Pain relievers. Sometimes an over-the-counter pain reliever, such as aspirin or ibuprofen (Motrin, Advil, others), can make you more comfortable. Keep in mind, however, that taking too much of any of these medications can cause serious side effects including abdominal pain, intestinal bleeding or ulcers.
Muscle relaxants. Spasms of the pelvic muscles can accompany prostatitis. A combination of a muscle relaxant medication and other medications used to treat prostatitis may be helpful.
Physical therapy
Special exercises and relaxation techniques can improve symptoms of prostatitis in some men, perhaps because tight or irritated muscles can contribute to the condition. Common techniques include:
Exercise. Stretching and relaxing the lower pelvic muscles — sometimes with the addition of heat to make the muscles more limber — may help relieve your symptoms. A physical therapist can show you which exercises will benefit you the most and how to perform them. You can then do the exercises yourself at home.
Biofeedback. This technique teaches you how to control certain body responses, including relaxing your muscles. During a biofeedback session, a trained therapist applies electrodes and other sensors to various parts of your body. The electrodes are attached to a monitor that displays your heart rate, blood pressure and degree of muscle tension. You’ll see changes on the monitor and learn to control these changes on your own.
Sitz baths. Named from the German word “sitzen,” which means “to sit,” this type of bath simply involves soaking the lower half of your body in a tub of warm water. Warm baths can relieve pain and relax the lower abdominal muscles. Few treatments are easier or as relaxing.
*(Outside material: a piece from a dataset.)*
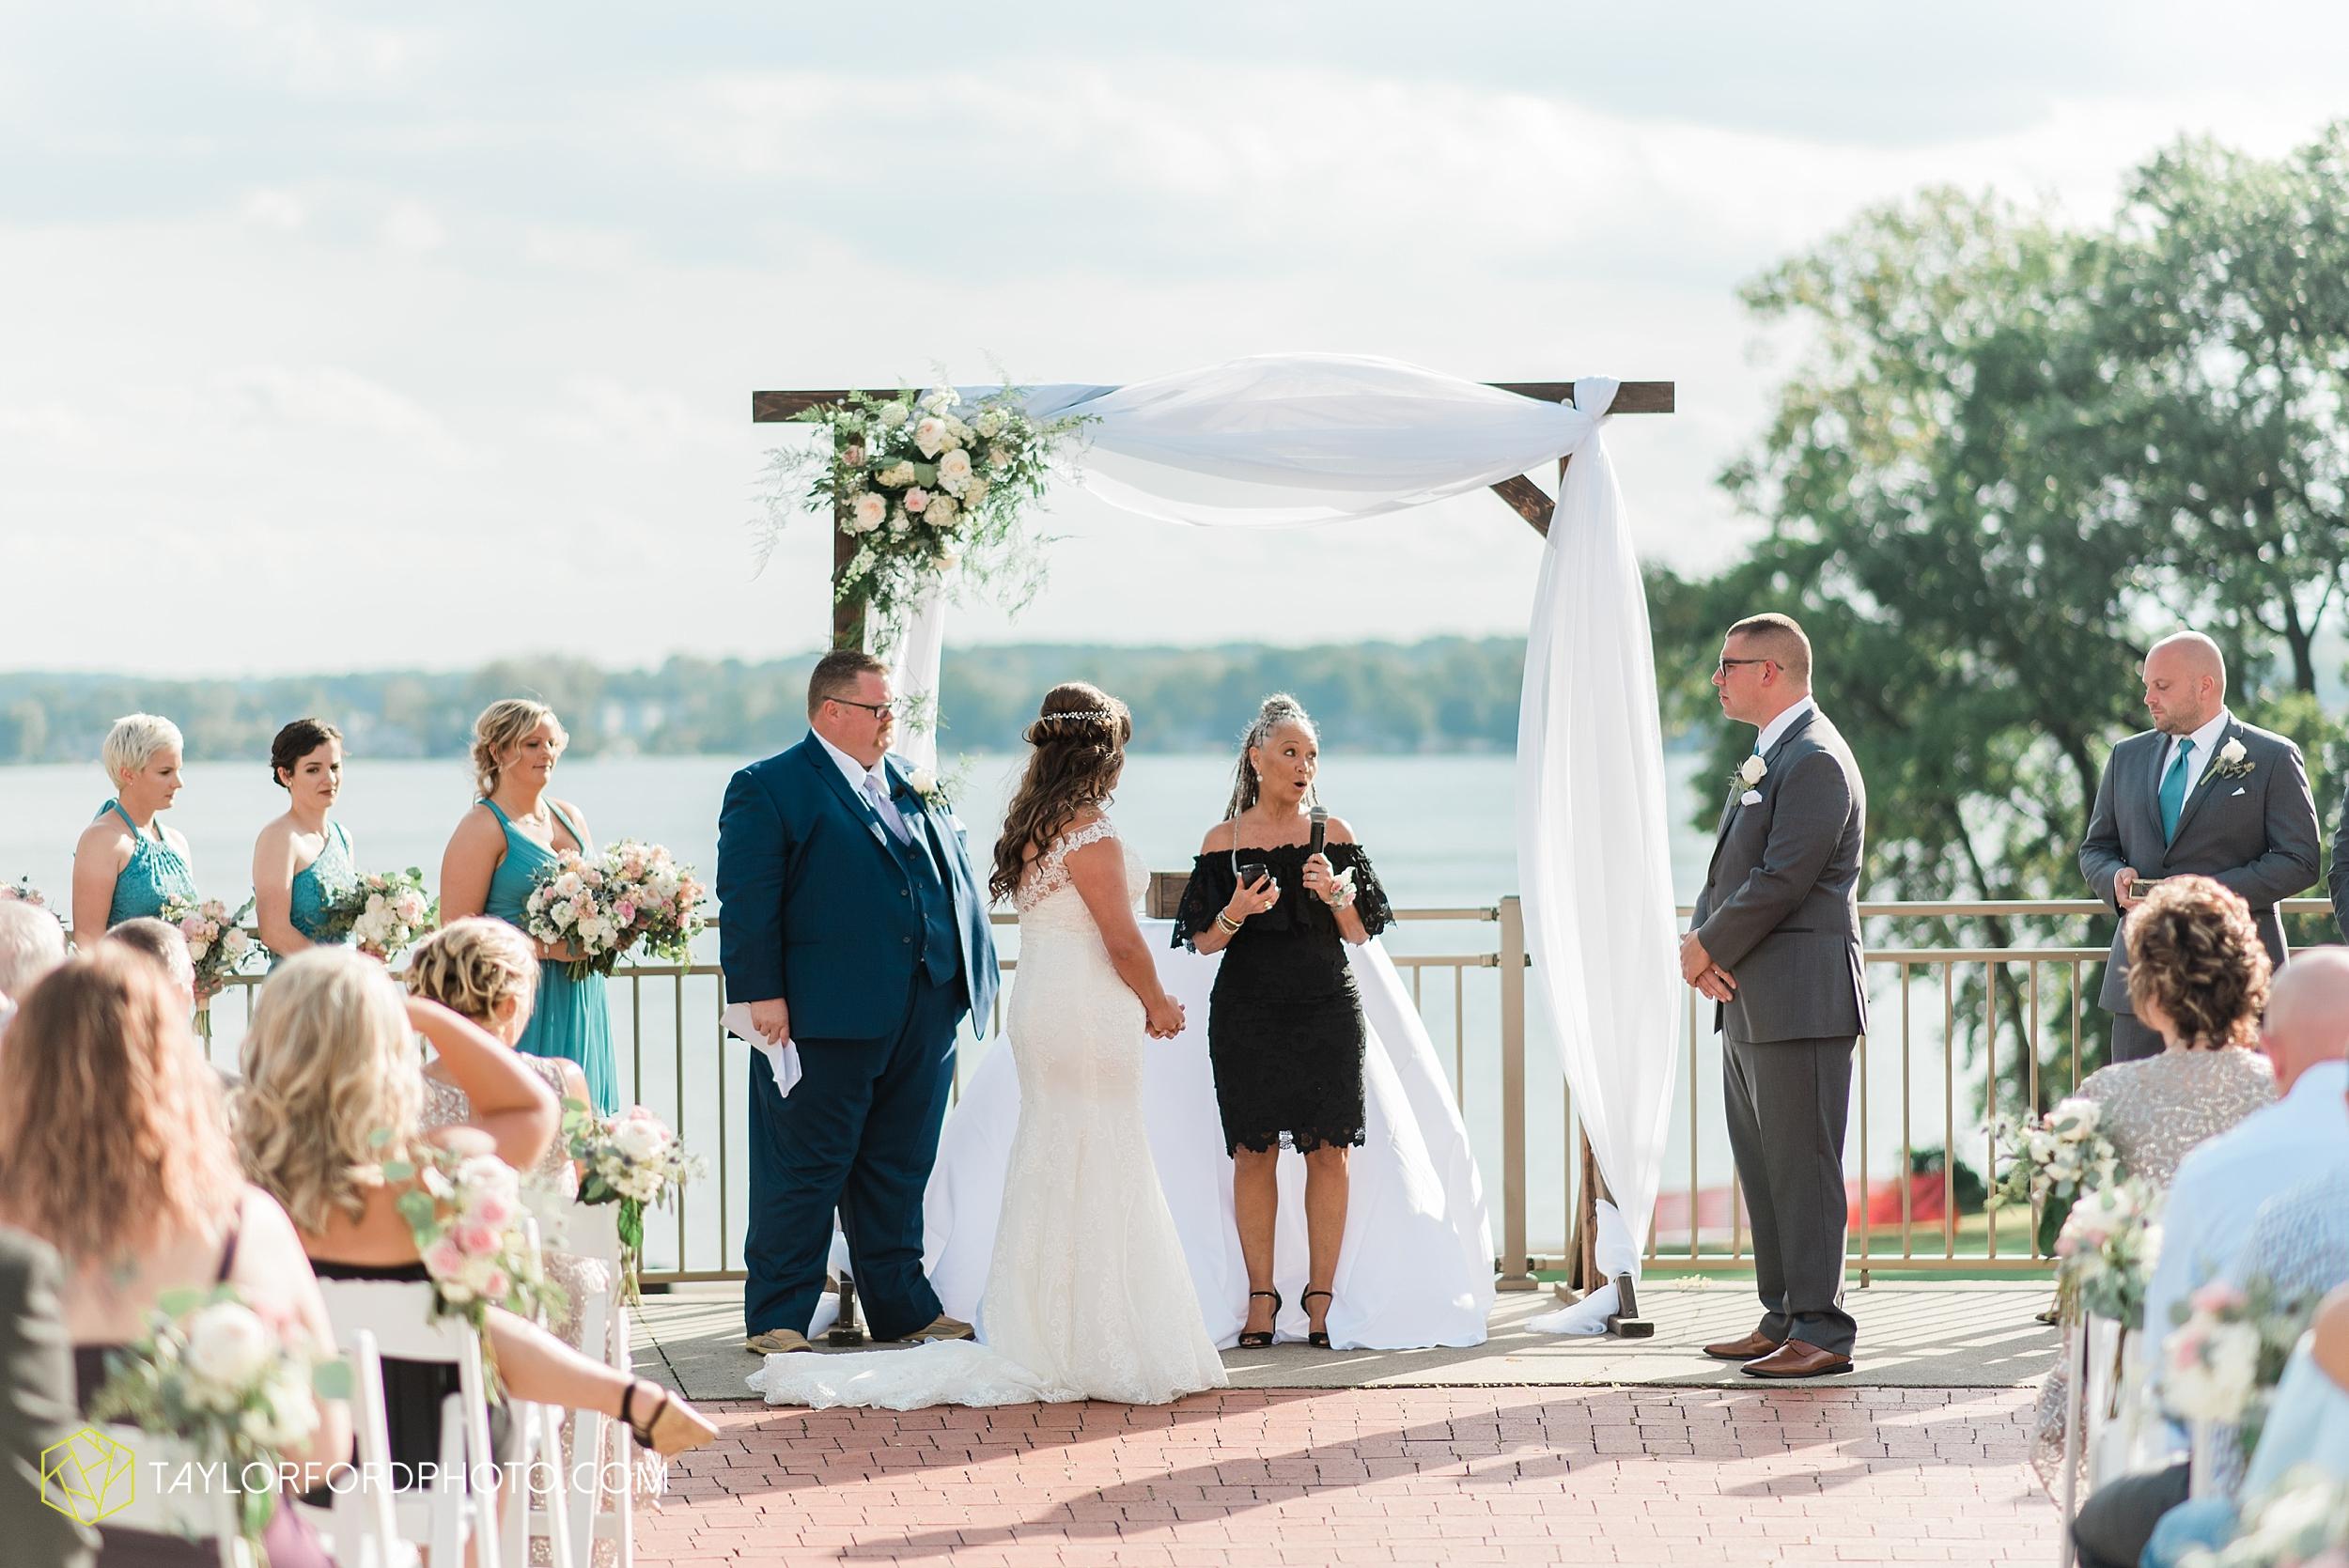 brook-loren-pokagon-state-park-angola-indiana-potowatomi-inn-wedding-fall-lake-james-photographer-taylor-ford-photography_0520.jpg

Prostate massage. Some men have found that having their prostate massaged helps relieve congestion by unplugging the small ducts blocked by inflammation. The massage is performed using a gloved finger, similar to what is done during a digital rectal exam. This procedure is used less commonly today than it once was.
Surgical procedures
Surgical removal of the infected part of the prostate is an option in a few severe cases when other treatments don’t work. The chances of responding to a major surgical procedure for any type of prostatitis are quite low. For this reason most doctors are very hesitant to perform surgery for these conditions and generally discourage surgery even as a last resort.
Other treatments
Finasteride (Proscar), a drug that lowers hormone levels in the prostate, and microwave thermotherapy (heat therapy) have been used successfully in a few men with prostatitis, but there’s little long-term experience with these treatments.
Lifestyle and home remedies
Because traditional treatments aren’t always effective for prostatitis, many men experiment with various lifestyle changes to control their symptoms. Although no scientific evidence proves these practices are beneficial, you may want to try one or more of the following suggestions:
Drink plenty of water.
Limit or avoid alcohol, caffeine and spicy foods.
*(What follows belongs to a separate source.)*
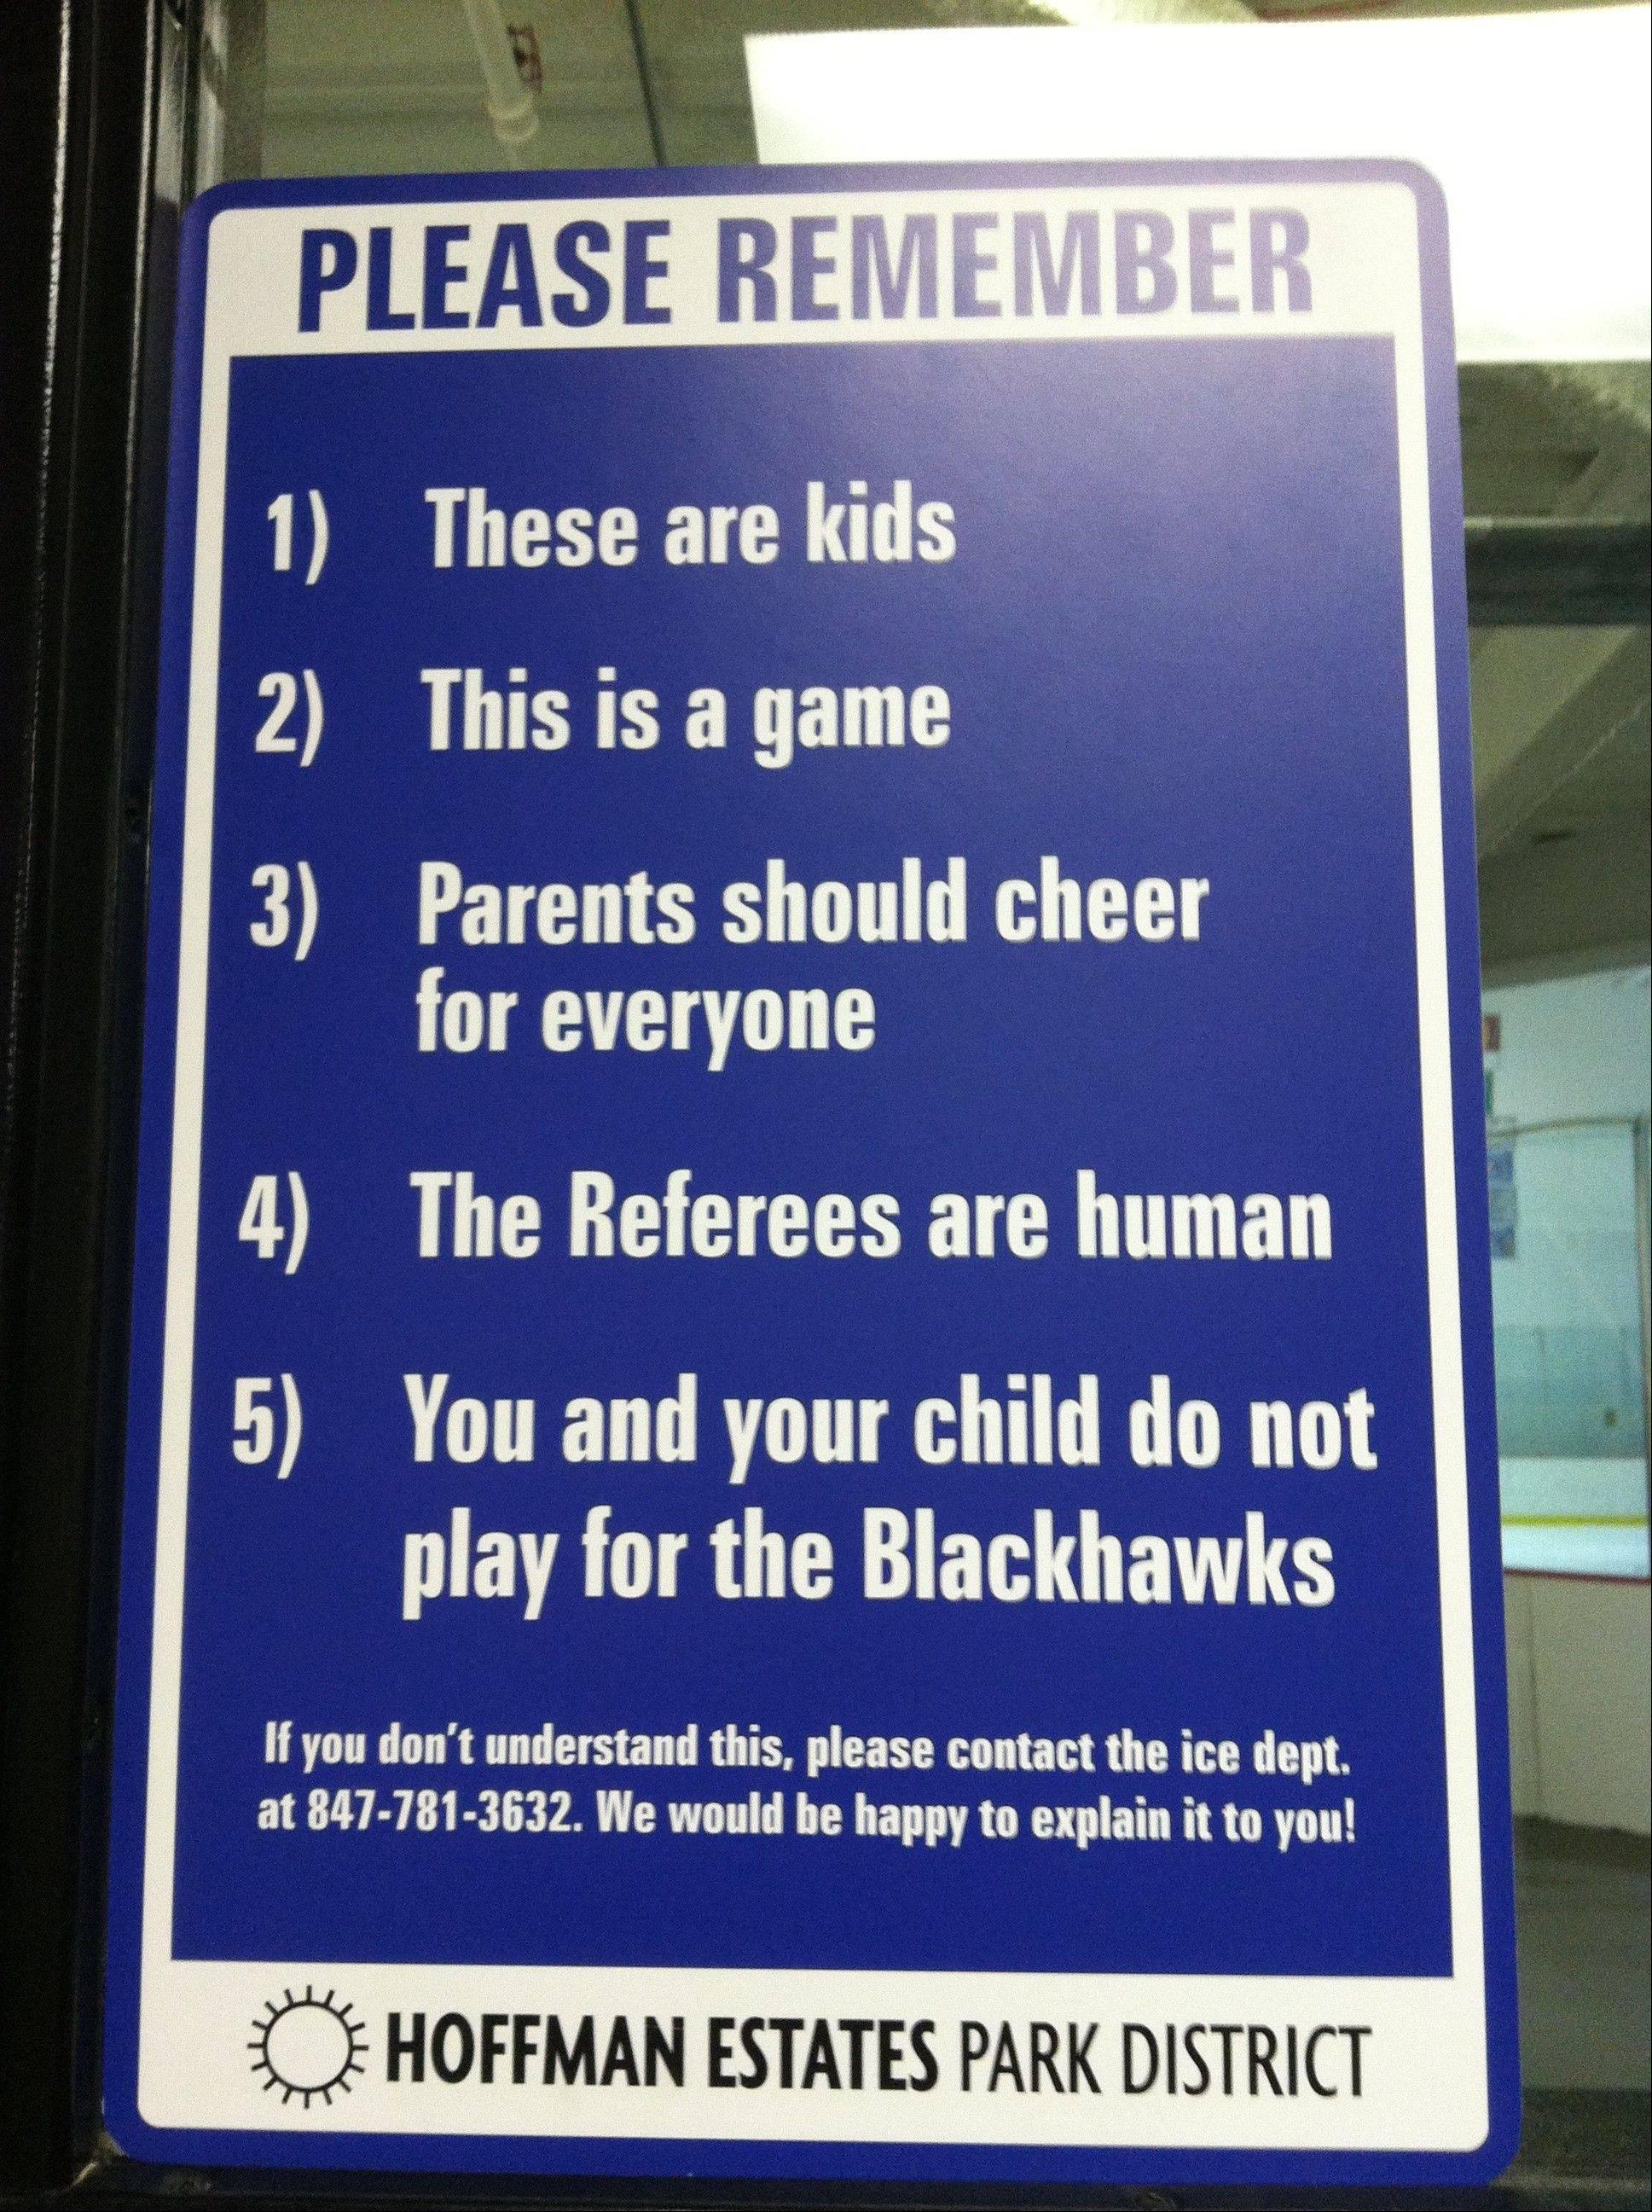 sportsmanship signs at hoffman estates ice rinks go viral

Urinate at regular intervals.
Have regular sexual activity.
If you’re a cyclist, use a “split” bicycle seat, which reduces the pressure on your prostate.
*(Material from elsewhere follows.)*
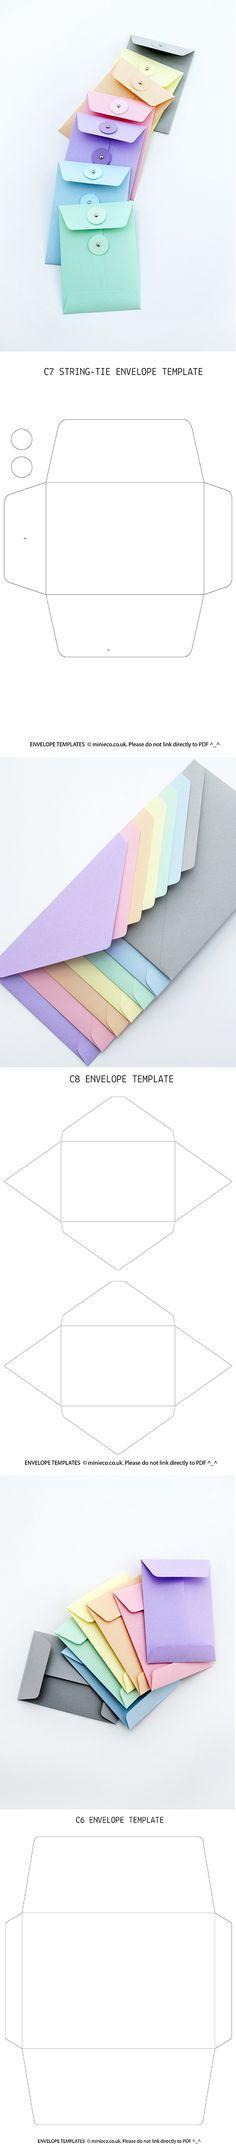 Free Envelope Templates (C6, C7, C8)  String-tie & standard designs

Men with category 3 prostatitis can learn to live with the disease by limiting the things that make their symptoms worse and emphasizing the things that make them feel better.
Alternative medicine
Although how they work is poorly understood, some natural remedies — including saw palmetto preparations, zinc supplements and quercetin — have helped some men manage the symptoms of prostatitis.